Ok thanks I love their colours


----------



## GeckoJosh (Feb 18, 2013)

My male, just shed and looking SEXY!!!


----------



## richoman_3 (Feb 20, 2013)

obviously photoshopped josh no lizard can be that colour besides garden skinks


----------



## Eamon (Feb 20, 2013)

GeckoJosh said:


> My male, just shed and looking SEXY!!!


that thing is mad!


----------



## KaotikJezta (Feb 20, 2013)

Just upgraded my female SAHD to a new enclosure so some pics of them and it. Needs a bit more greenery and some spagnum moss. Then one of my new hatchy Boyds, then my sleepy Boyds half shed.


----------



## BloodRunsCold (Mar 11, 2013)

brilliant idea geckojosh i just spent half the day cleaning the inside of my sahd's potty falls lol bloody pain it is


----------



## GeckoJosh (Mar 11, 2013)

BloodRunsCold said:


> brilliant idea geckojosh i just spent half the day cleaning the inside of my sahd's potty falls lol bloody pain it is



Please refresh my poor memory, what idea was that?


----------



## BloodRunsCold (Mar 12, 2013)

the pump in the water bowl


----------



## christopherR (Mar 23, 2013)

Thought I might keep this thread going. Here are my 3 new Angle heads I will be getting in a couple of weeks  more pics when I bring them home.


----------



## DeadlyDanny80 (Mar 23, 2013)

Sorry but I'm a bit confused here... The title is "forest dragon pics" & the thread starts off with Boyd's forest dragons & ends up with angle heads? Mmmmm.


----------



## christopherR (Mar 23, 2013)

If you read though the thread you would see it was for forest dragons....which if i'm not mistaken includes Angle heads and Boyd's.


----------



## HarleyD (Mar 23, 2013)

These are wicked!! they defiantly have to be in my future! =)


----------



## DeadlyDanny80 (Mar 24, 2013)

My Apologies... I thought the thread was just referring to Boyd's....


----------



## GeckoJosh (Mar 24, 2013)

DeadlyDanny80 said:


> My Apologies... I thought the thread was just referring to Boyd's....

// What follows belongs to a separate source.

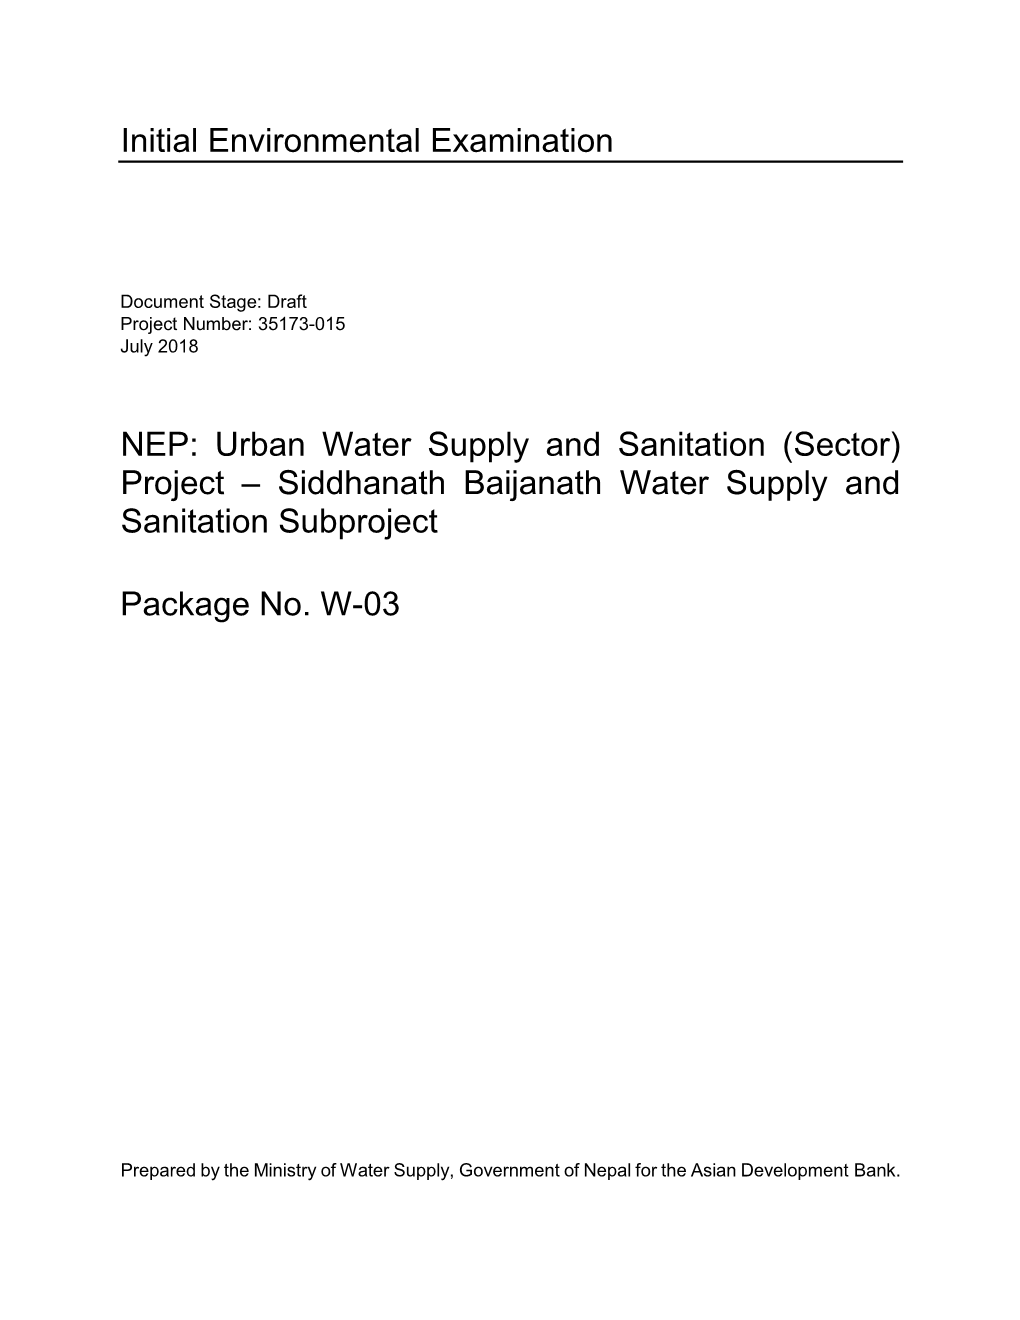 Siddhanath Baijanath Water Supply and Sanitation Subproject

Angle-headed Dragons are also known as Southern Forest Dragons


----------



## GeckoJosh (Mar 25, 2013)

*Note to self: Angle-headeds dont mind the odd guppy for breakfast*


----------



## BloodRunsCold (May 22, 2013)

my angle head's hanging around been meaning to try them on some canned fish from the reptile shop


----------



## zookieboi (Aug 24, 2013)

My two boyds taken on my galaxy 4


----------